What is wanted is the full listing, word for word, without its pictures.

• _Data block_
----

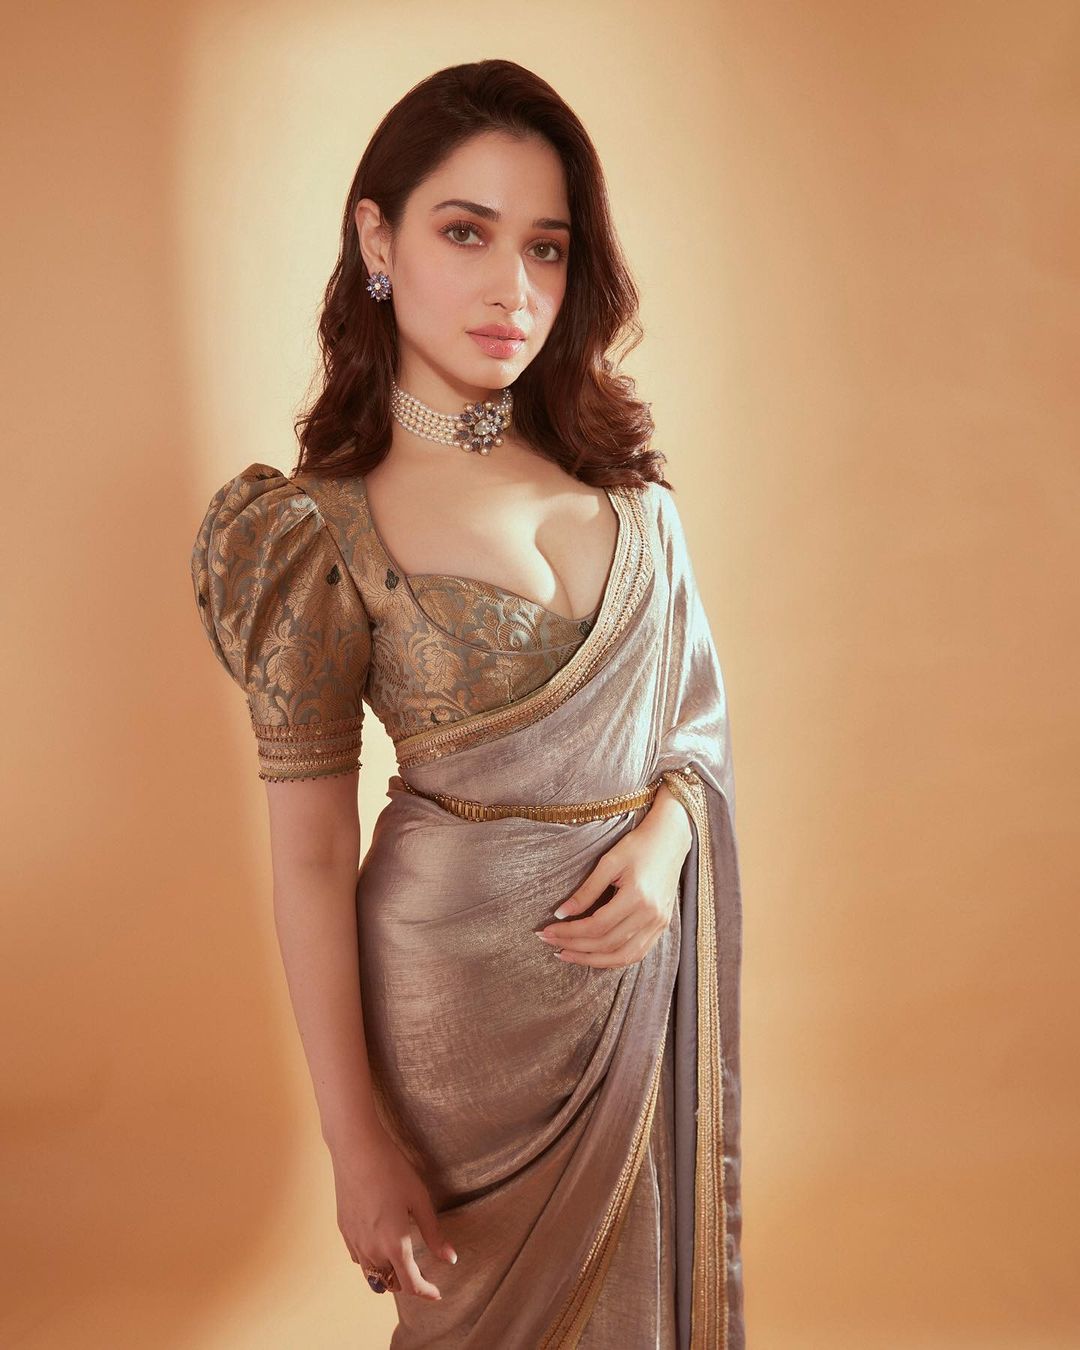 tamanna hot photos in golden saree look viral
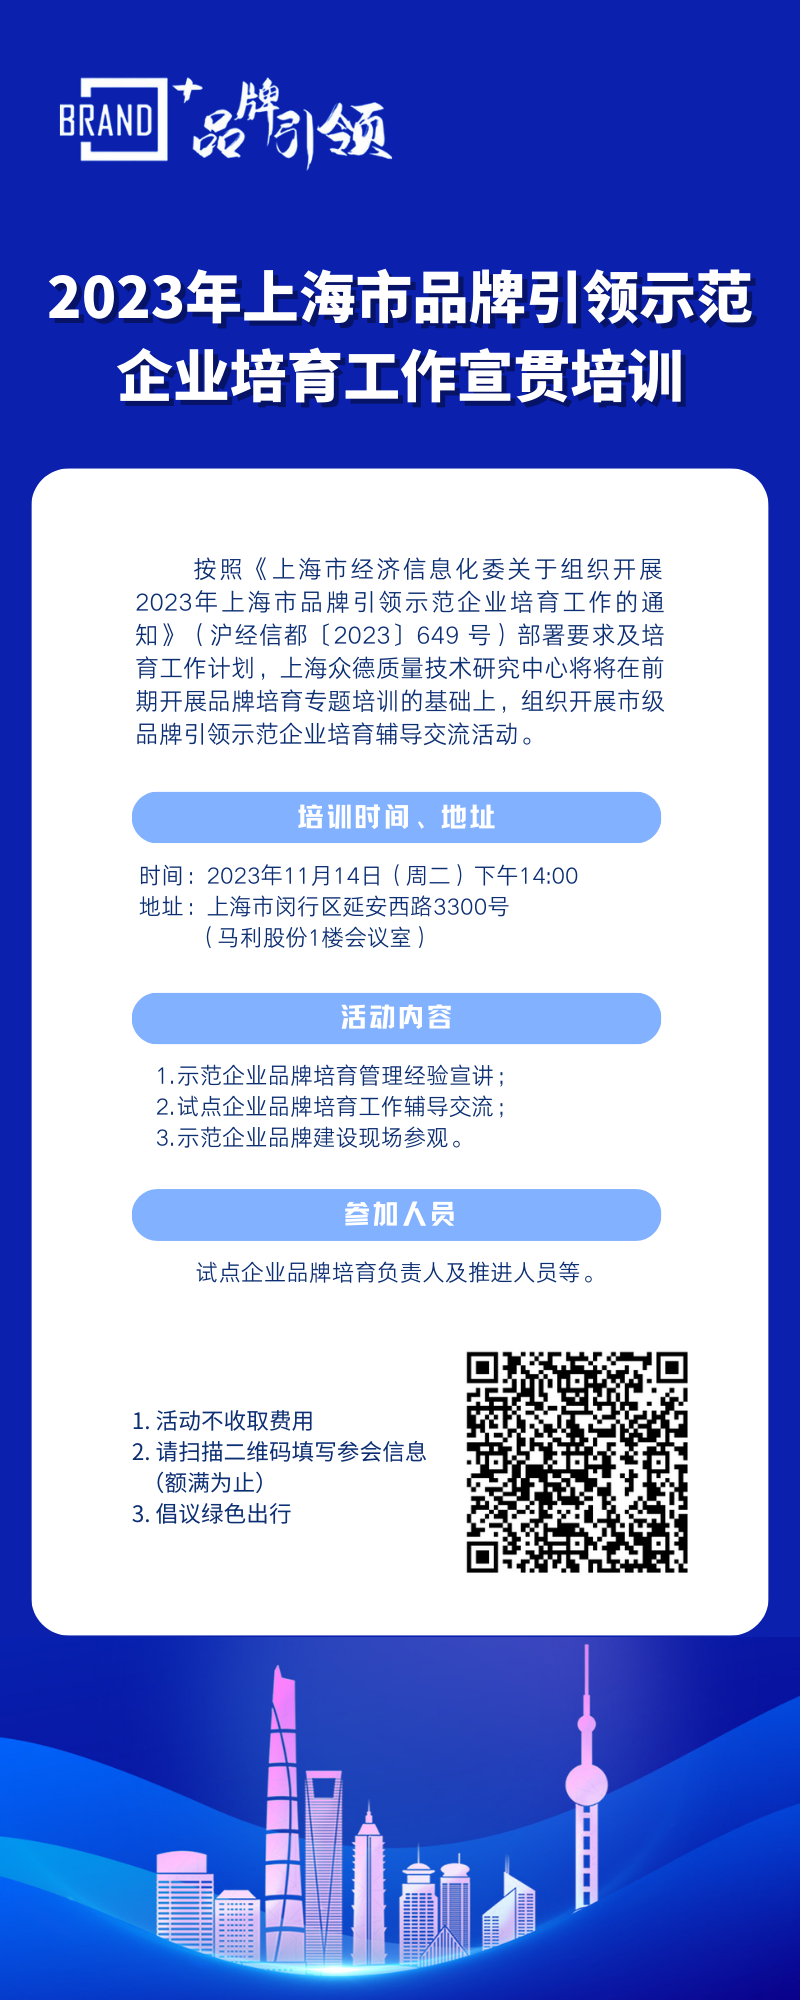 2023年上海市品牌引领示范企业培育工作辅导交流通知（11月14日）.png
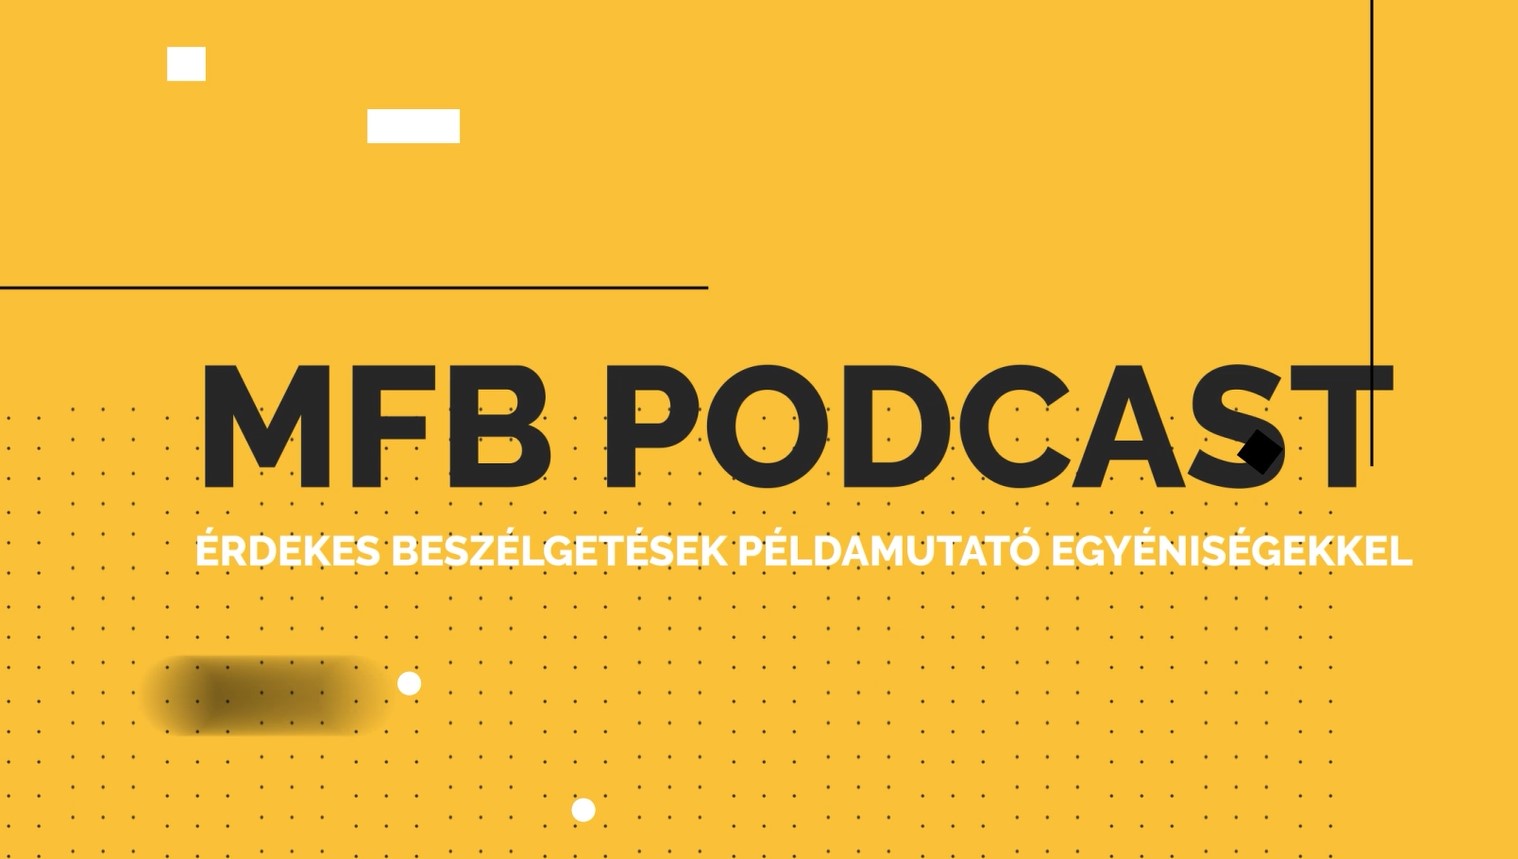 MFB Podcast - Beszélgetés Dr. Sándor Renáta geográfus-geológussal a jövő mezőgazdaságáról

----

• _Exercise output_
 tamanna hot photos in golden saree look viral
 2023年上海市品牌引领示范企业培育工作辅导交流通知（11月14日）.png
 MFB Podcast - Beszélgetés Dr. Sándor Renáta geográfus-geológussal a jövő mezőgazdaságáról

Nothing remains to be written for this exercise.